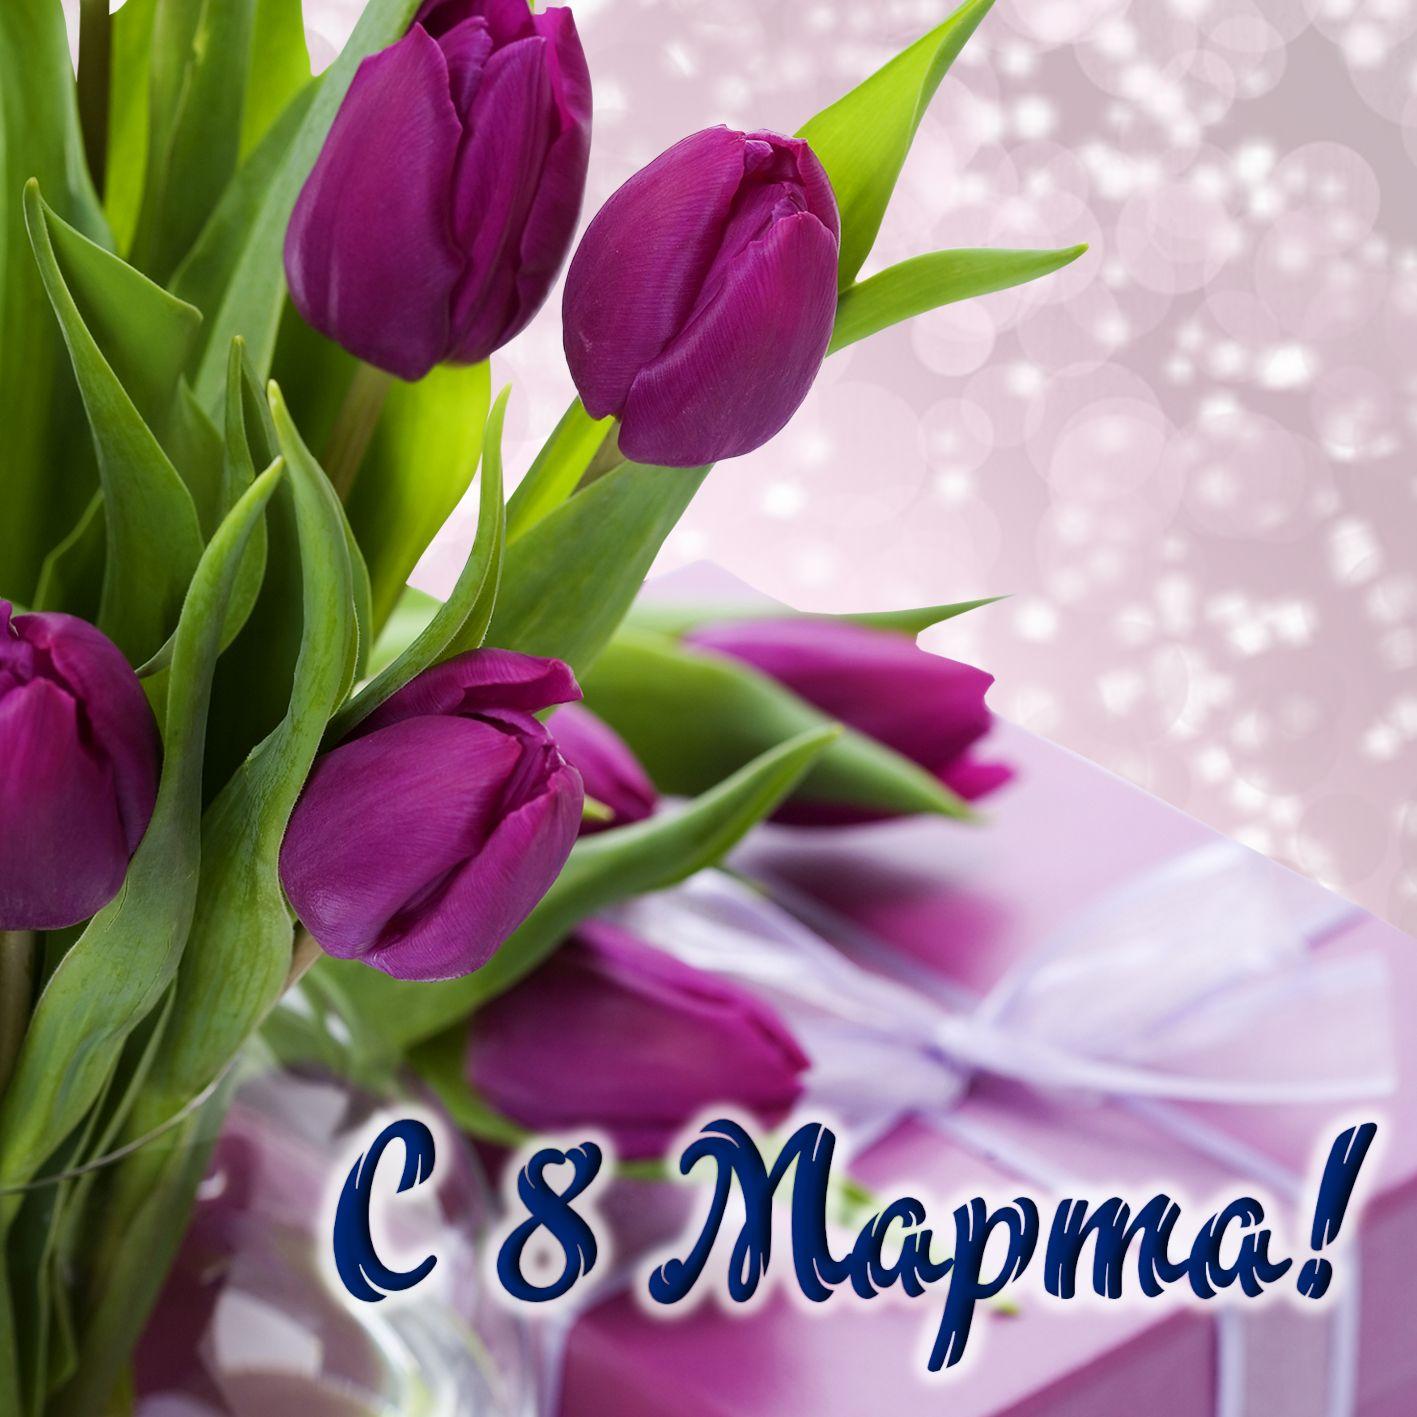 Открытка с 8 марта - фиолетовые тюльпаны на блестящем фоне
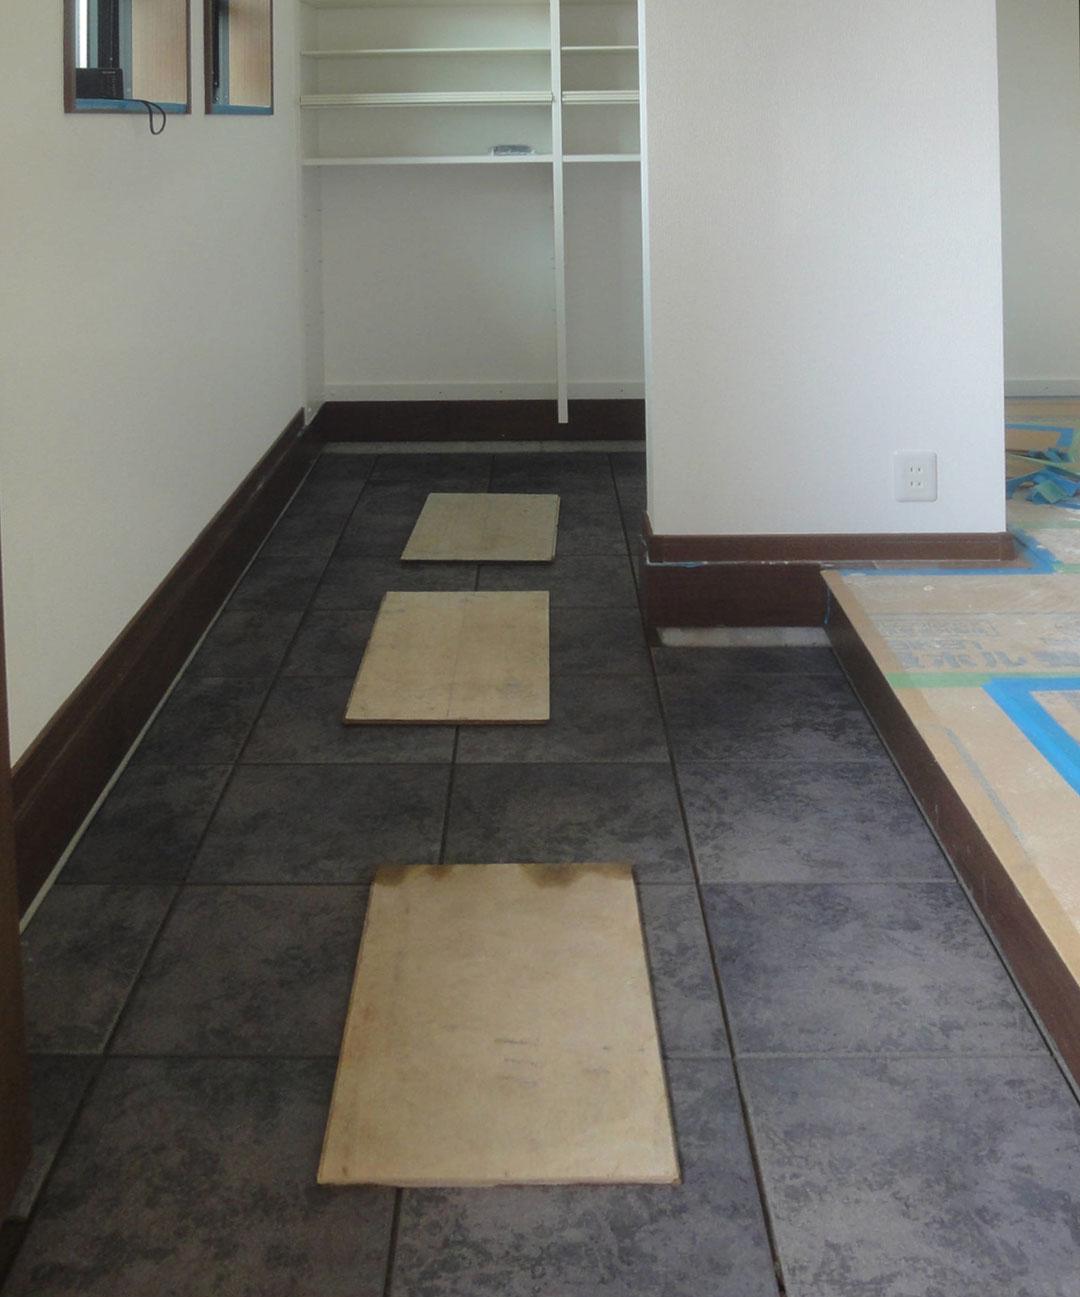 グランステージくずはⅢ モデルハウス 玄関の写真
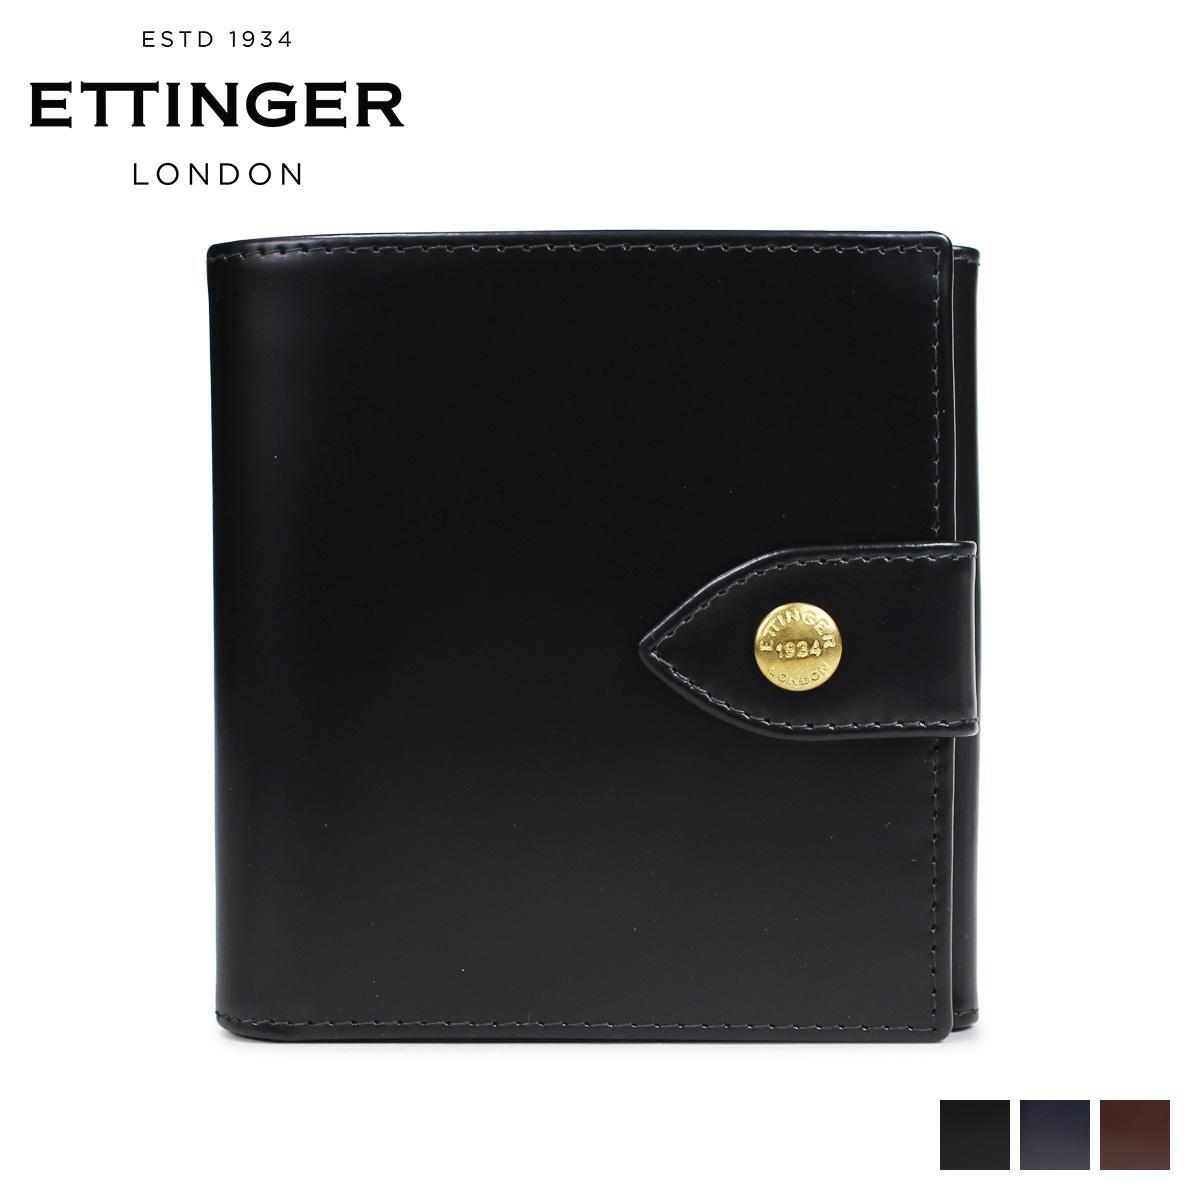 ETTINGER LARGE BILLFOLD PURSE エッティンガー 財布 二つ折り メンズ レザー ブラック ネイビー ブラウン 黒 BH178JR
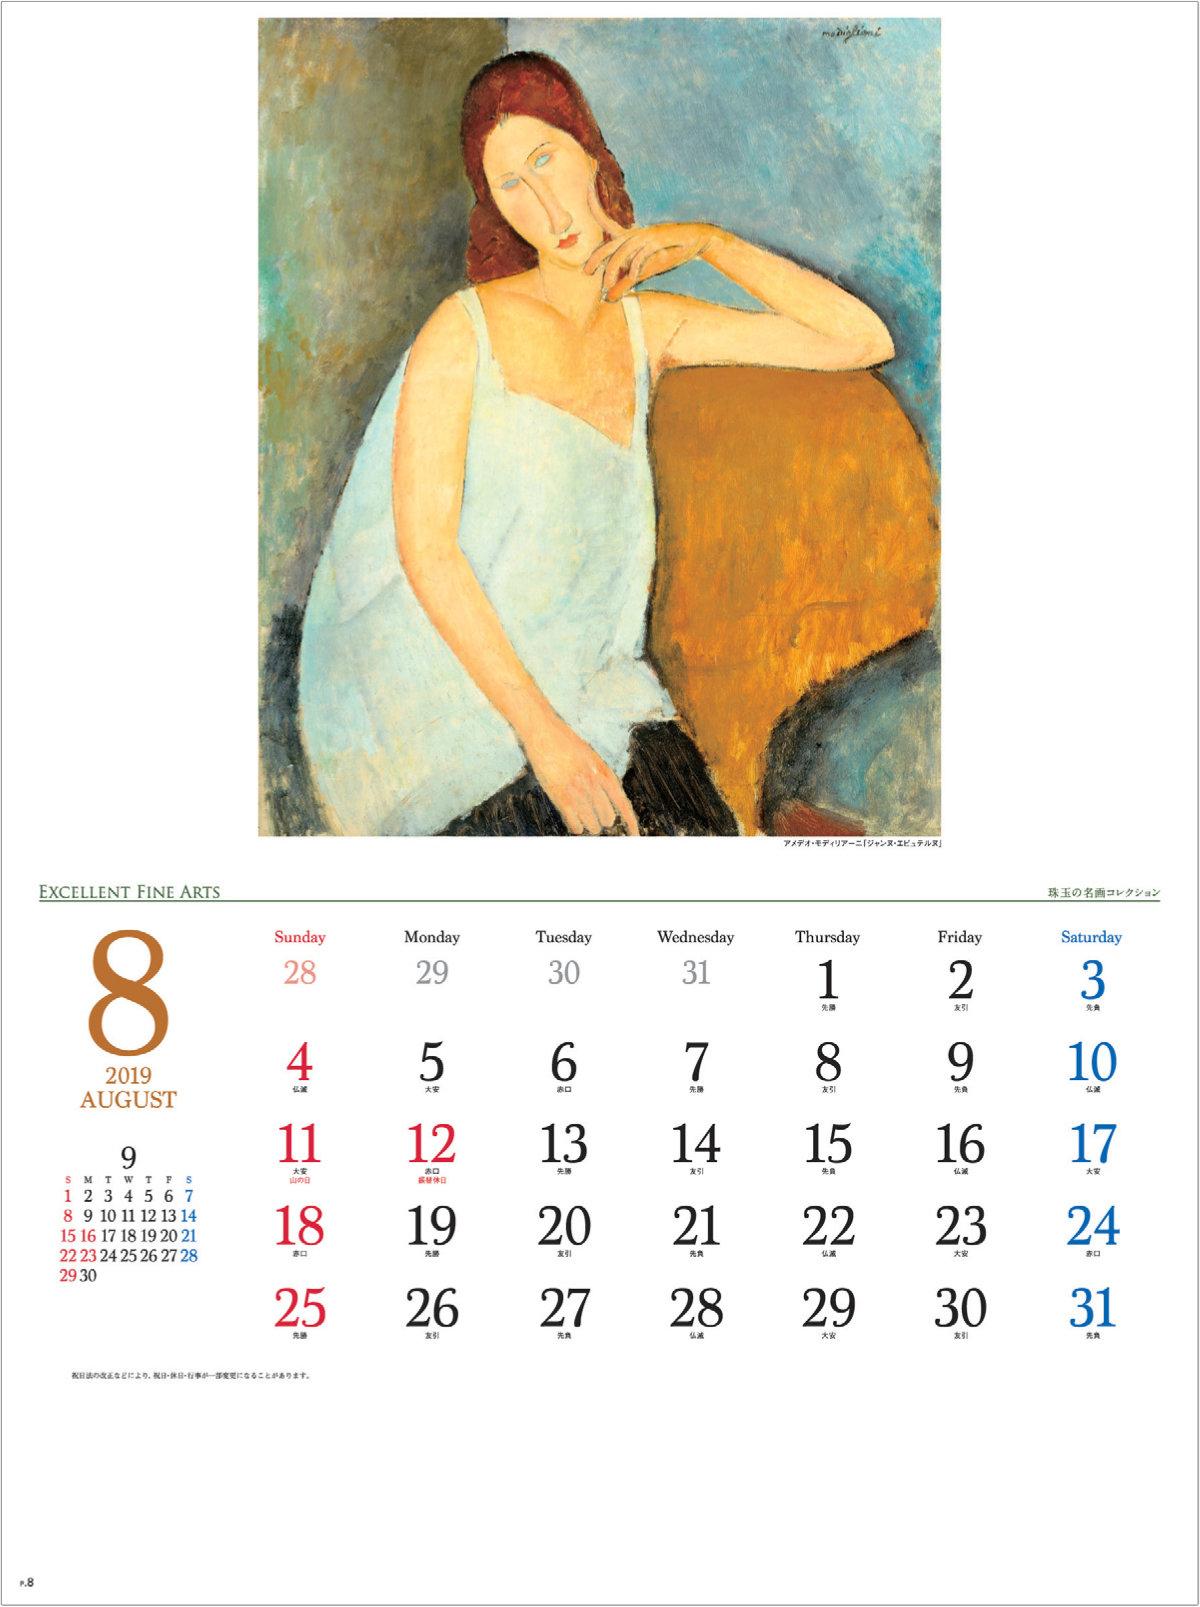 画像:アメデオ・モディリアーニ「ジャンヌ・エビュテルヌ」 珠玉の名画コレクション 2019年カレンダー

Exercise requirements:
One exact copy of the data, no pictures: write it out line for line.

Task response:
 Открытка с 8 марта - фиолетовые тюльпаны на блестящем фоне
 グランステージくずはⅢ モデルハウス 玄関の写真
 ETTINGER LARGE BILLFOLD PURSE エッティンガー 財布 二つ折り メンズ レザー ブラック ネイビー ブラウン 黒 BH178JR
 画像:アメデオ・モディリアーニ「ジャンヌ・エビュテルヌ」 珠玉の名画コレクション 2019年カレンダー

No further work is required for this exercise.